Spark SQL has been announced in March 2014. It officially replaces Shark, which has limited integration with Spark programs. “Spark SQL conveniently blurs the lines between RDDs and relational tables.” In addition to be part of the Spark platform allowing compatibility with the other Spark libraries (MLlib, GraphX, Spark streaming), Spark SQL shows multiple interesting features:
- it supports multiple file formats such as Parquet, Avro, Text, JSON, ORC;
- it supports data stored in HDFS, Apache HBase (see here, showing better performance than Phoenix) and Amazon S3;
- it supports classical Hadoop codecs such as snappy, lzo, gzip;
- it provides security through authentification via the use of a “shared secret” (spark.authenticate=true on YARN, or spark.authenticate.secret on all nodes if not YARN);
- encryption, Spark supports SSL for Akka and HTTP protocols;
- keeping event logs;
- it supports UDFs.
- it supports concurrent queries and manages the allocation of memory to the jobs (it is possible to specify the storage of RDD like in-memory only, disk only or memory and disk;
- it supports caching data in memory using a SchemaRDD columnar format (cacheTable(““))exposing ByteBuffer, it can also use memory-only caching exposing User object;
- it supports nested structures;
Impala is your best choice for interactive BI-like workloads, because Impala queries have proven to have the lowest latency across all other options — especially under concurrent
Hive is still a great choice when low latency/multiuser support is not a requirement, such as for batch processing/ETL. Hive-on-Spark will narrow the time windows needed for such processing, but not to an extent that makes Hive suitable for BI
Spark SQL, lets Spark users selectively use SQL constructs when writing Spark pipelines.

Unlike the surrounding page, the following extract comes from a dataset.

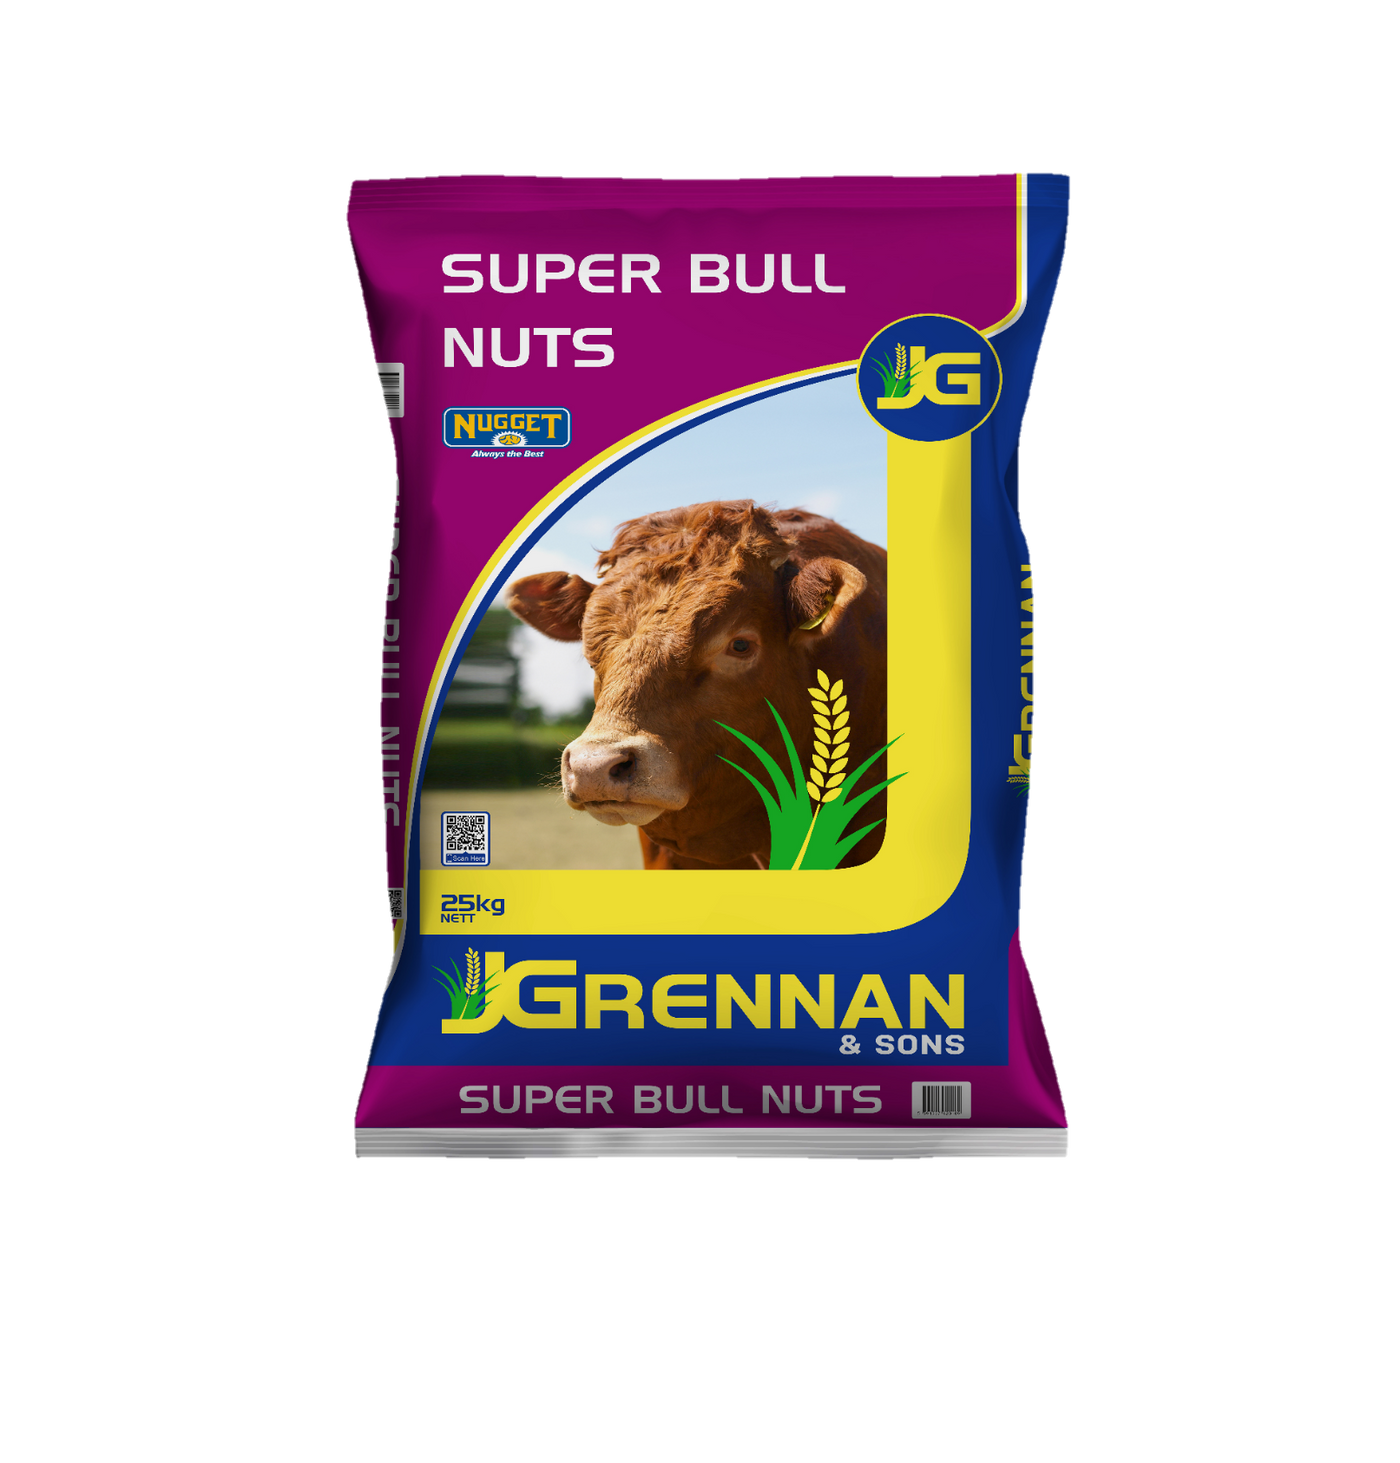 Super Bull Nuts
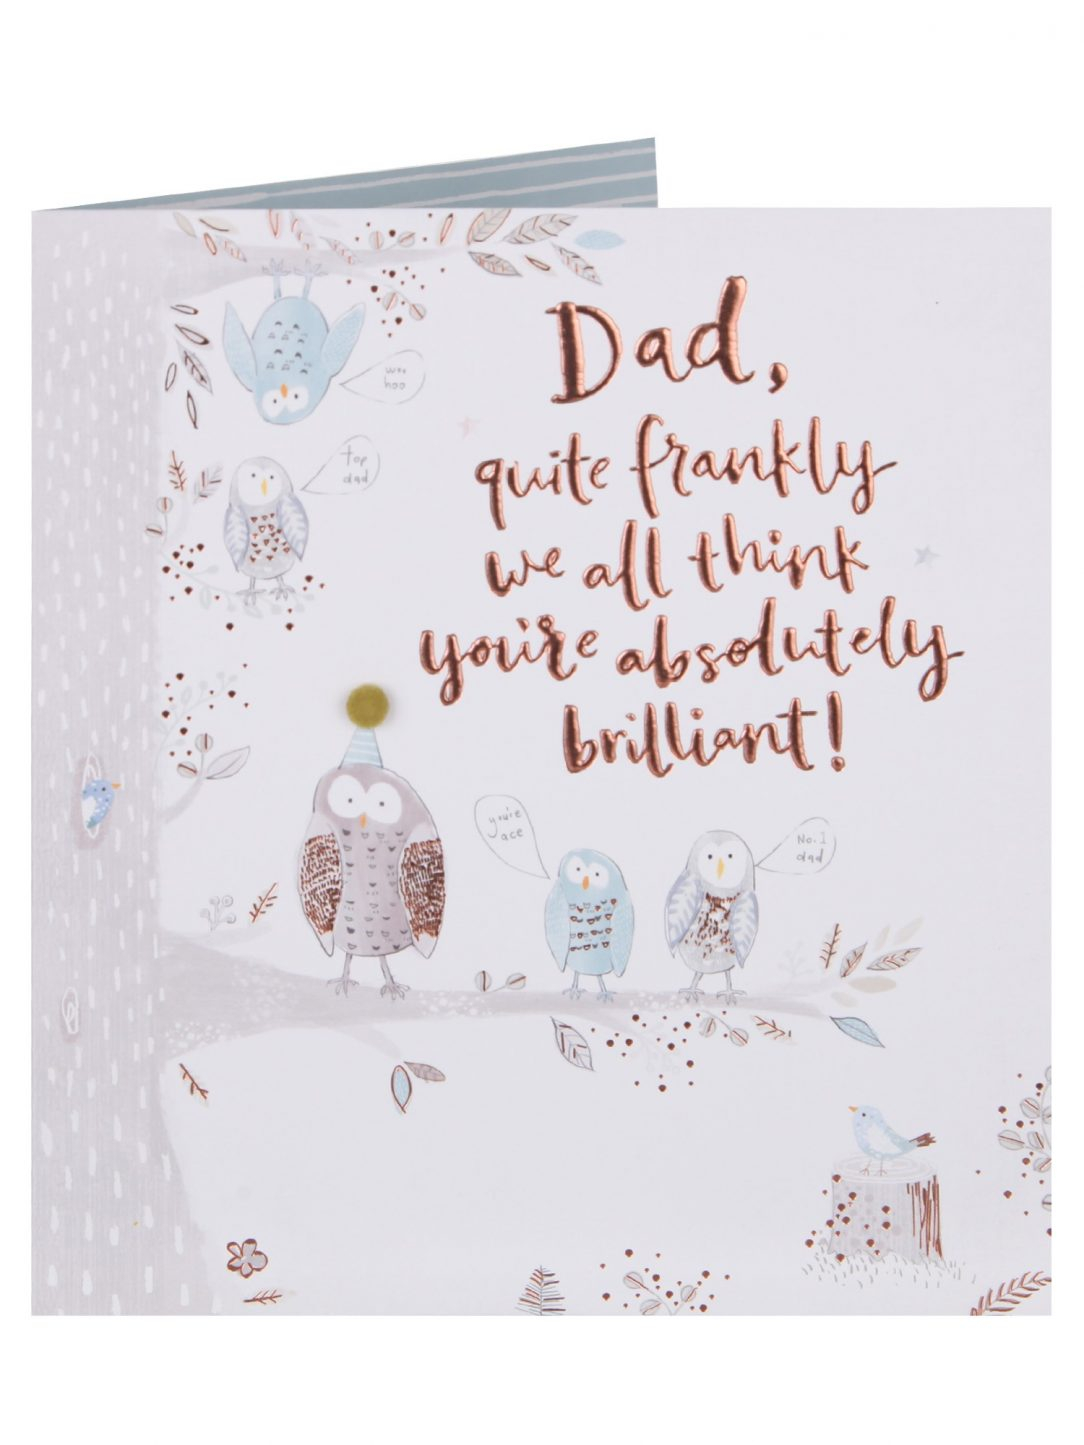 Cute Birthday Card Ideas For Dad Easy Dad Birthday Card Ideas Cute For Your Wording Text Mum And

It is not intended to be a general-purpose SQL layer for interactive/exploratory analysis. However, Spark SQL reuses the Hive frontend and metastore, giving you full compatibility with existing Hive data, queries, and UDFs. Spark SQL includes a cost-based optimizer, columnar storage and code generation to make queries fast. At the same time, it scales to thousands of nodes and multi hour queries using the Spark engine, which provides full mid-query fault tolerance. The performance is biggest advantage of Spark SQL.